One of the common areas of misunderstanding, and therefore conflict, in financing negotiations has to do with the relationship between the pre-money valuation and the option pool.
Investors want the company to have an adequate option pool for future hiring and it is customary to include the pool in the pre-money valuation. Some entrepreneurs see this as nothing more than a veiled attempt at lowering the value of the company. Well, yes and no. No in that investor aren’t actually lowering the value of the company as the option pool is net new–it comes on top of what they value the company at. Yes in that investors wouldn’t be willing to do a deal at the same pre-money valuation without the option pool. Fred Wilson has a good introductory post on options and valuation, which prompted me to put together this simple valuation calculator.
First, the math, which assumes this is the first round of financing.
Post-Money Valuation = Pre-Money Valuation + Investment Amount Pre-Money Valuation = Founders' Share + Option Pool
In the example above, the deal is “2 on 3 with 20% pool”, which means that the company is worth $2M (the true pre), investors put in $2M and $1M is reserved for the option pool for a post-money valuation of $5M. Investors and founders both own 40% of the company.

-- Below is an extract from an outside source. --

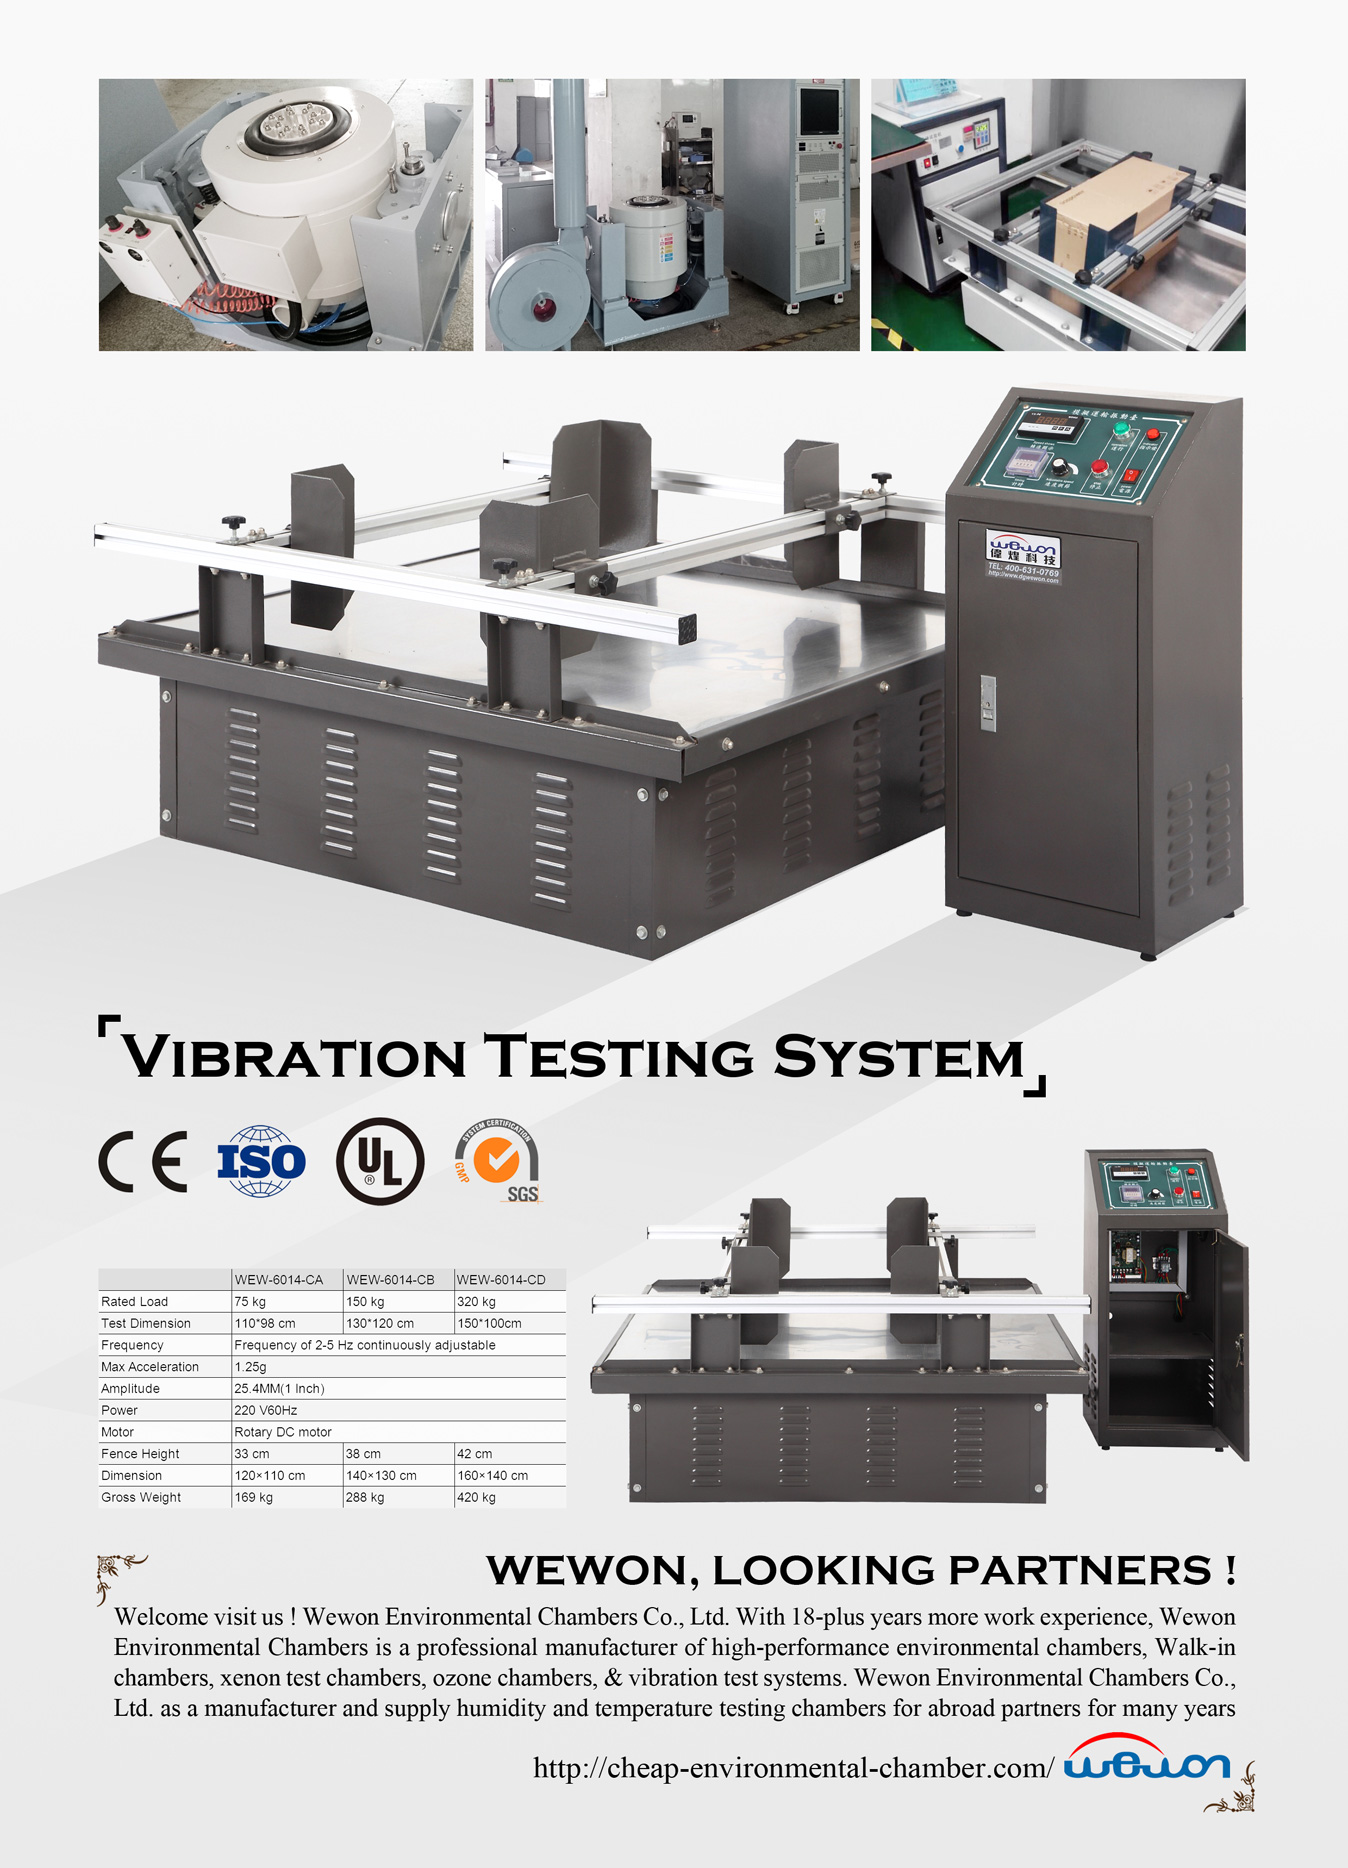 Vibration Testing Equipment | Wewon Environmental Chambers Co., Ltd.

If there was no option pool, they’d both own 50% and the post-money valuation would be $4M instead of $5M.
Many investors will be happy to invest the same amount of money on a pre-money valuation equal to just the founders’ share without an option pool. Increasing the option pool will dilute both the investor and the founders at the same rate. If the company is aquired, any unused options are typically canceled and this increases everyone’s share. The effect of a founder leaving and the company repurchasing the founder’s unvested shares is similar. In short, changes in the option pool affect everyone the same way.
There are several reasons why investors insist on a sometimes large pool of unissued options:
- Deal engineering. It’s true, some investors pad the pre-money with a large option pool and try to sell this to entrepreneurs as their company having a higher value. That’s bull and won’t fly in the end. Even if an entrepreneur doesn’t understand what’s going on, the company’s lawyers will be able to point it out. If they didn’t, fire them.
- Pushing more capital. Sometimes, a large option pool allows an investor to deploy more capital. This works in the case when the investor wants to (a) invest relatively more money into the company and (b) positions that they absolutely must own at least X% of the company. Say, the investor wants 20%. If the company is valued at $10M then the investor would put in $2.5M for a post money of $12.5M ($2.5M / $12.5M = 20%). However, if a 30% option pool is added then the post money will be $20M (the pool will be $6M) and the investor will put in $4M ($1.5M or 60% more than before!). The pre-money would have jumped to $16M. As an entrepreneur, I’d love this. I get more money ($4M as opposed to $2.5M) and I don’t get diluted any further. Well, technically, the true pre-money valuation is a smaller percentage of the total but as long as I don’t waste the option pool, the unused portion will come back.
- Convenience. It is easier for investors to start owning X% and, with a well-padded option pool, know that their ownership percentage is more likely to go up on exit, when unissued options are canceled, as opposed to down, as the option pool is increased. Also, from a board perspective, it is simply easier to not have to grow the pool every few months.
- Board dynamics. Increasing the option pool requires board approval and in some cases, depending on the rights of the preferred investors, various shareholder votes. When there are multiple investors and/or classes of preferred shareholders, it may be difficult to grow the option pool even for very legitimate reasons. Investors who want companies to be able to appropriately reward employees and others through equity may want to ensure that the option pool is sufficiently large at the point when they have maximum leverage–during a financing. I experienced this situation with a European investment I made. The partner representing the largest existing European VC had a rather limited notion of how much equity it took to motivate management and employees. I negotiated hard to get the maximum increase in the option pool possible (on top of a valuation we had already agreed upon) because I doubted the company’s ability to increase its pool post financing.
In all but the first case above, the company and the investor are more likely to be aligned than not in wanting a meaningful option pool.
I would strongly caution entrepreneurs to be wary of term sheets which give them high percentage ownership with a very small option pool. The pool would have to grow and the ownership stake of the founders will go down (unless they get reloaded from the pool, which is not very common for founders). Comparing term sheets is very difficult but this is an easy thing to watch out for.